Critical iPhone Security Alert: Update Now to Protect Against Pegasus Spyware

Politics, News Sept. 10, 2023, 3:12 p.m.

Apple urgently released a security update for iOS 16.6 due to a zero-click vulnerability that allowed Pegasus spyware infiltration. Users must update their iPhones immediately to safeguard against potential threats.

Attention iPhone users: Immediate action is required if your device is currently running the latest iOS version 16.6. Apple has just issued a critical security update in response to a zero-click vulnerability that allowed the notorious NSO Group's Pegasus spyware to infiltrate iPhones without any user interaction. This exploit poses a severe threat as Pegasus spyware can clandestinely track your location, eavesdrop on your calls, intercept messages, and gain access to your device's camera and microphone. To safeguard your iPhone, it is imperative to download and install the latest update without delay.

The zero-click vulnerability was first unearthed by the University of Toronto's Citizen Lab, which promptly alerted Apple and provided detailed insights into the issue in a blog post aimed at assisting iPhone users. While Apple's security update announcement lacked specific details, it did acknowledge the pivotal role played by Citizen Lab in identifying and addressing the vulnerability.

Citizen Lab stumbled upon this alarming security flaw when examining an iPhone belonging to an individual affiliated with a Washington D.C.-based civil society organization. This organization was certain that the vulnerability was being exploited to deploy NSO Group's Pegasus spyware. What makes this exploit particularly menacing is its capability to infiltrate iPhones running iOS 16.6 "without any interaction from the victim," hence the term "zero-click vulnerability." Citizen Lab elucidates that the malicious attack involved the dissemination of PassKit attachments containing malicious images sent from the attacker's iMessage account to various targets.

While Citizen Lab promises a more comprehensive discussion on this specific exploit chain, dubbed BLASTPASS, in the future, it is imperative not to delay the crucial step of updating your device.
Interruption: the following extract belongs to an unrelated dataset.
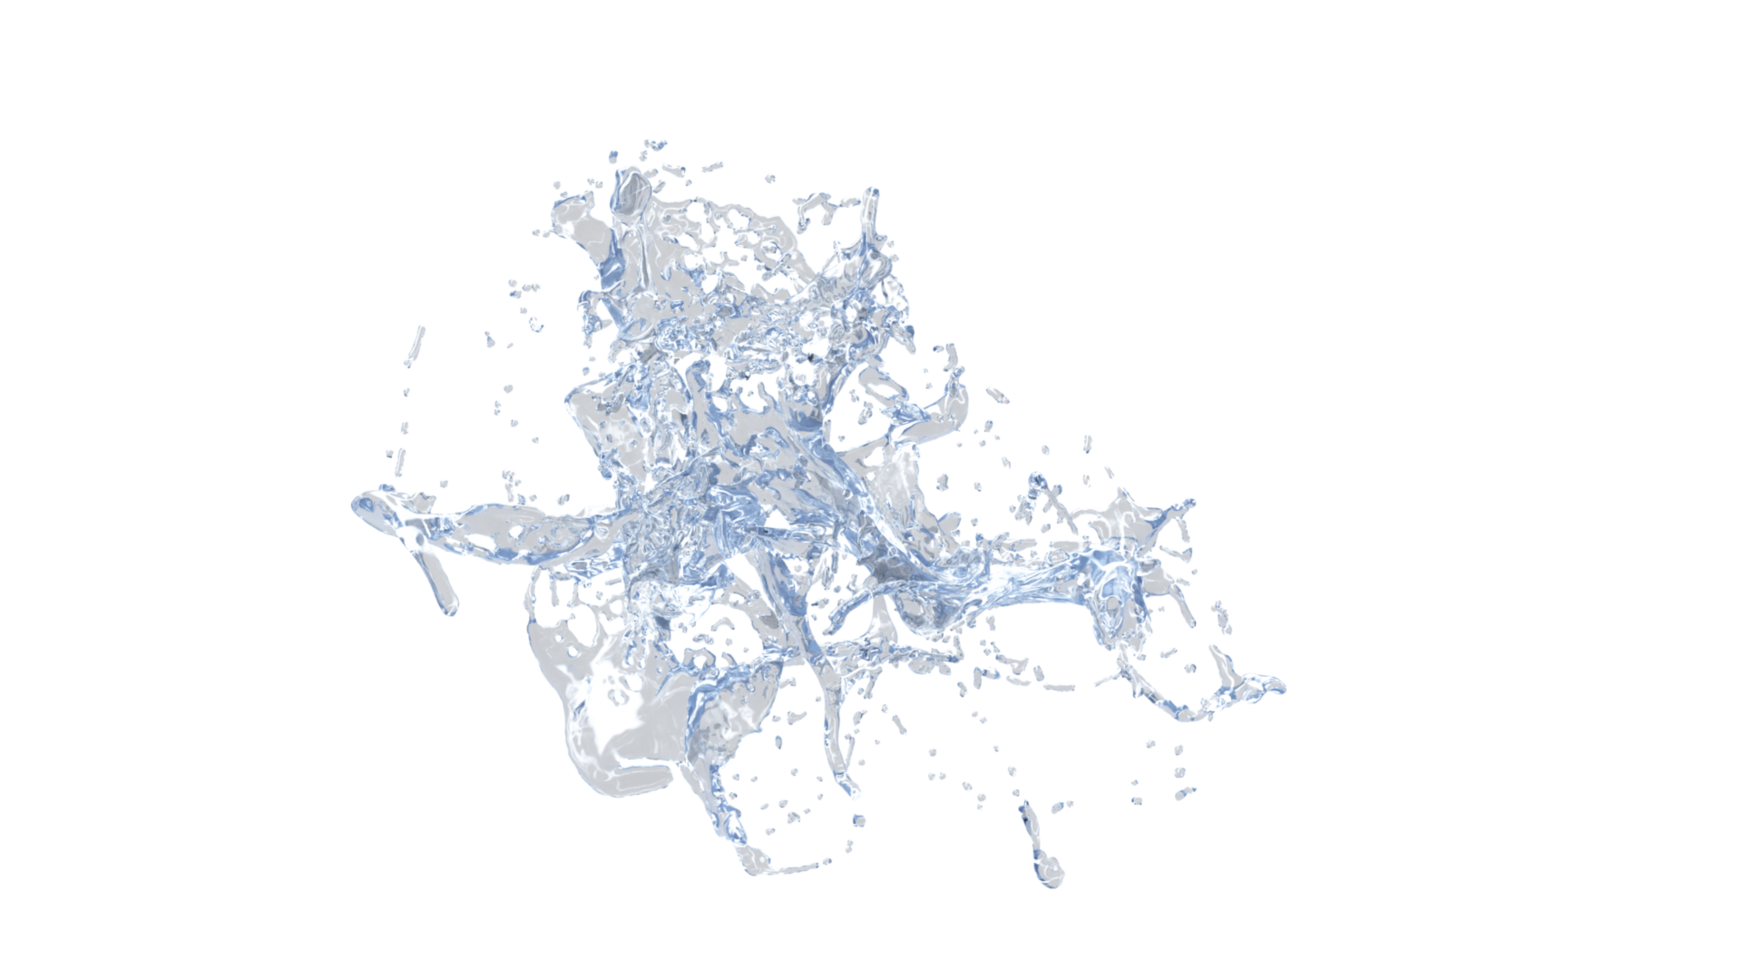 Marco redondo salpicado de agua realista 3d, aqua, salpicadura de líquido transparente. png canal alfa.

The urgency lies in the fact that iPhones running iOS 16.6 are currently exposed to this threat, and the only effective defense is immediate updating.

For those who believe they may be at higher risk due to their profession or role, Citizen Lab recommends enabling Lockdown Mode on your iPhone. According to the organization, "We believe, and Apple’s Security Engineering and Architecture team has confirmed to us, that Lockdown Mode blocks this particular attack." Even if your occupation doesn't entail a high-risk profile, it's a prudent measure to enable Lockdown Mode for enhanced security.

While updating your iPhone and enabling Lockdown Mode should be your foremost priorities, you can further fortify your device's security by conducting an emergency safety check. This check helps sever connections with unauthorized apps and individuals, providing an added layer of protection.

In light of this critical security news concerning iOS 16, the anticipation for iOS 17's forthcoming security features, announced during Apple's September 2023 event, becomes even more heightened. Stay vigilant and proactive in safeguarding your iPhone to ensure your digital privacy and security are preserved.